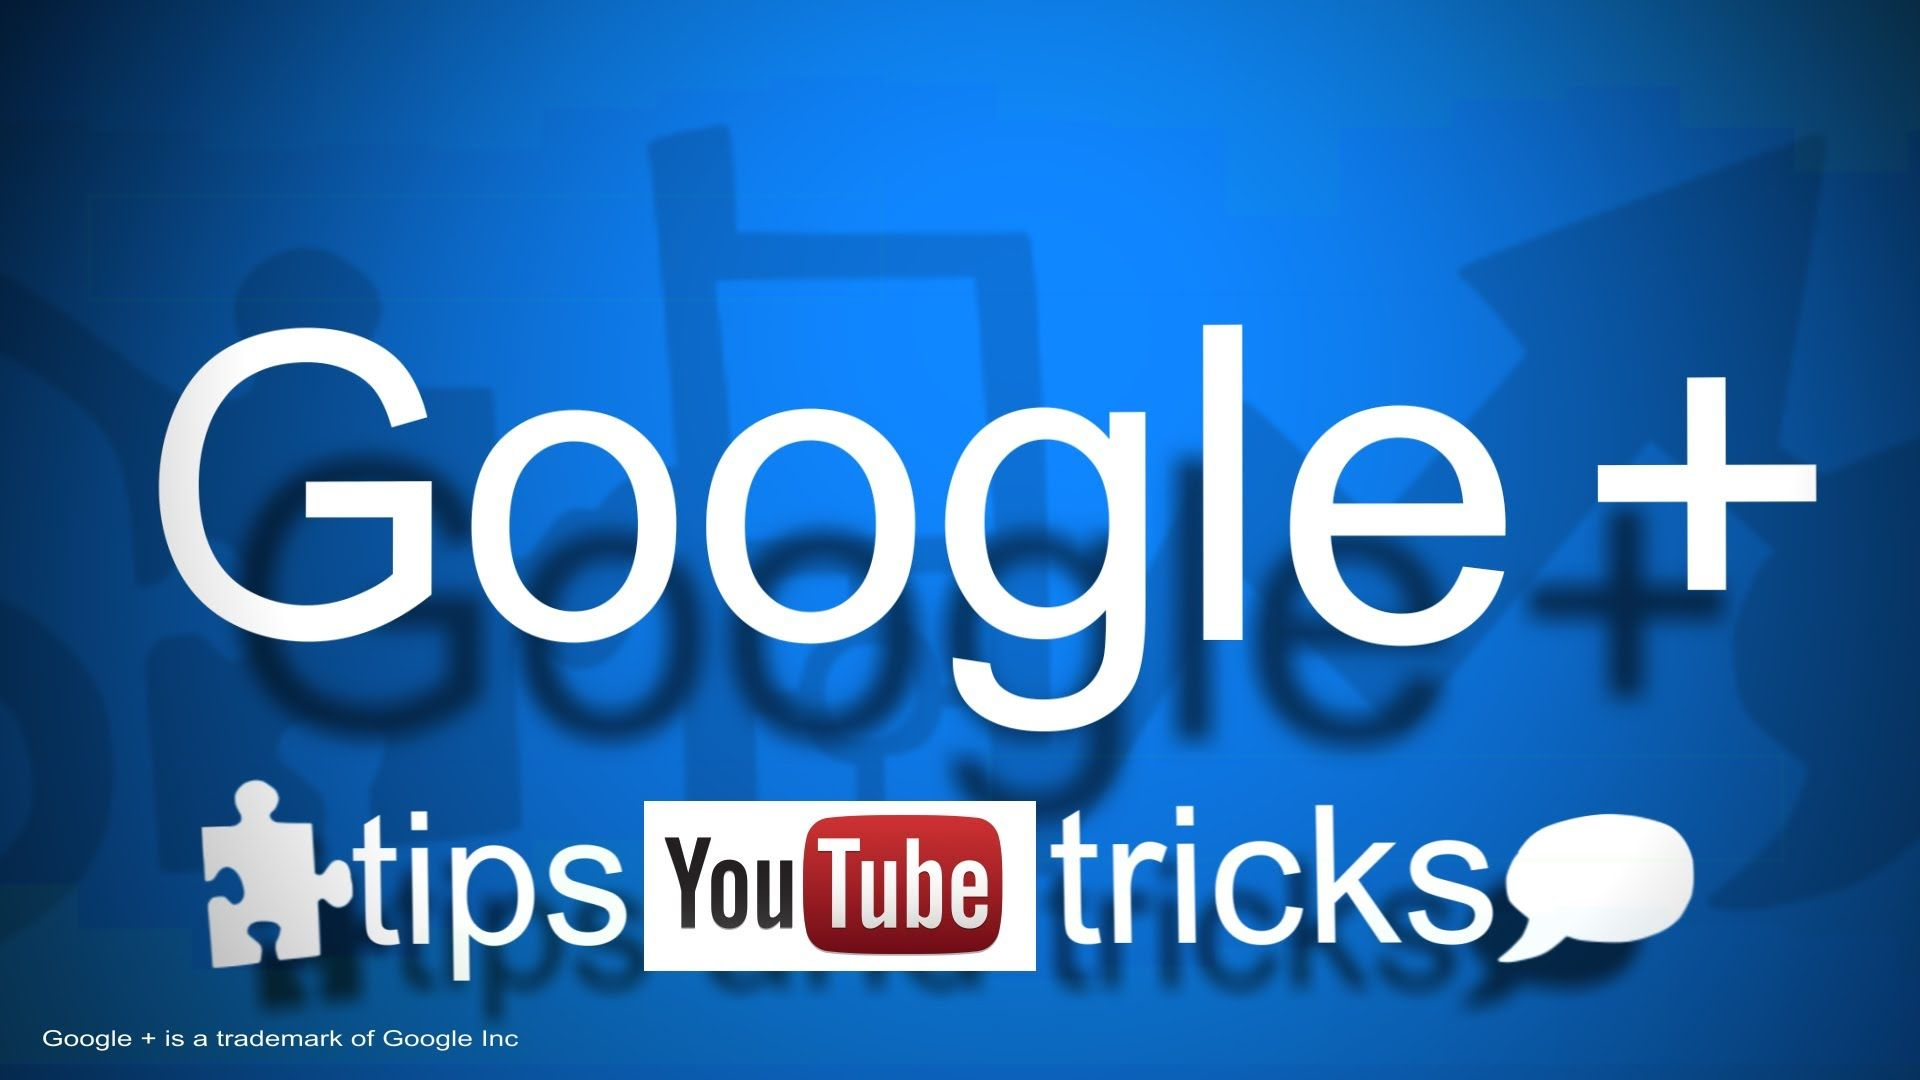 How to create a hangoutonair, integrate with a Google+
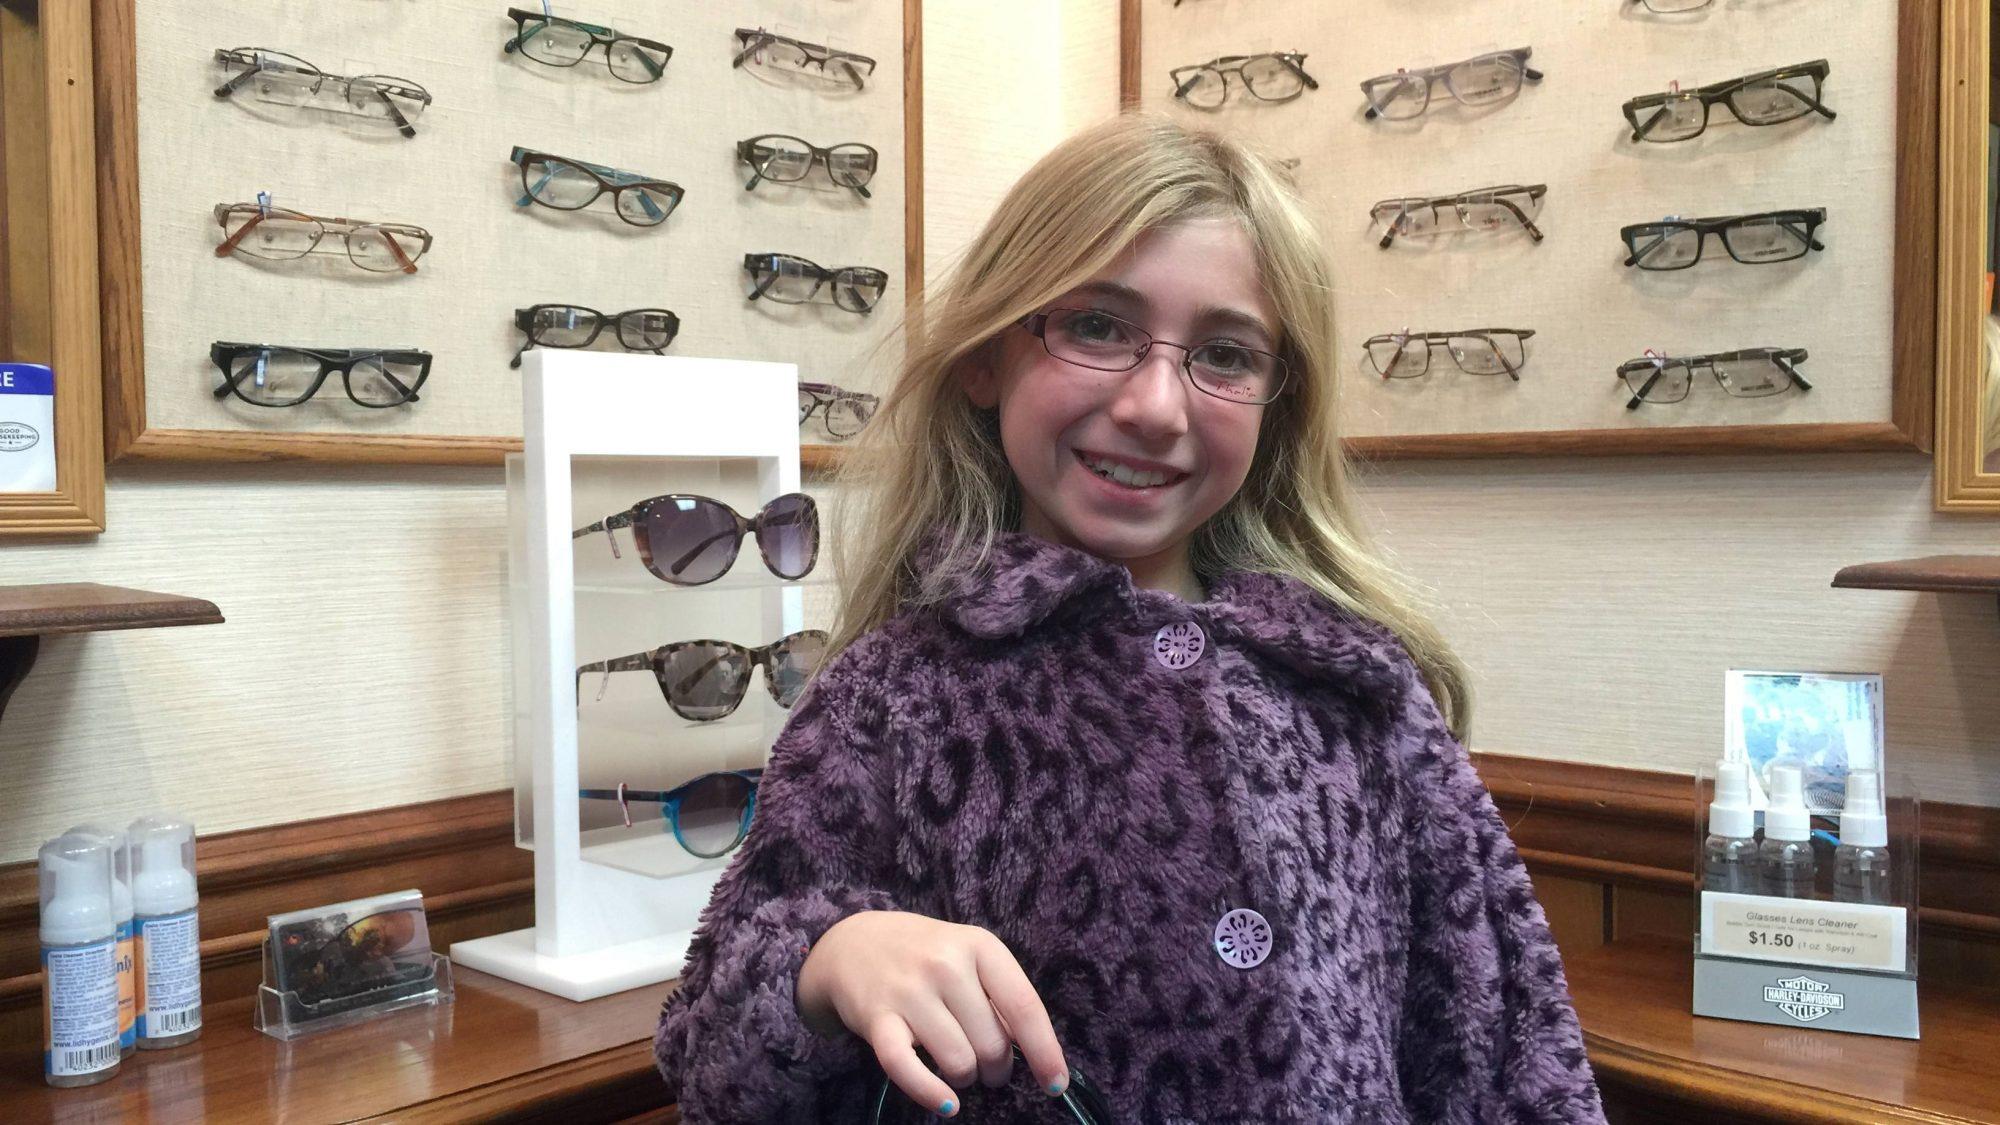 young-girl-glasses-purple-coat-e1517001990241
* * *
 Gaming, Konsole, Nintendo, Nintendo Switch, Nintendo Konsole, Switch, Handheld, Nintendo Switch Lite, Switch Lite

## Task description
I'd like the lines above repeated exactly, from the one that contains "How to create" through the one that contains "young-girl-glasses-purple-coat-e1517001990241", with no pictures.

## Answer space
 How to create a hangoutonair, integrate with a Google+
 young-girl-glasses-purple-coat-e1517001990241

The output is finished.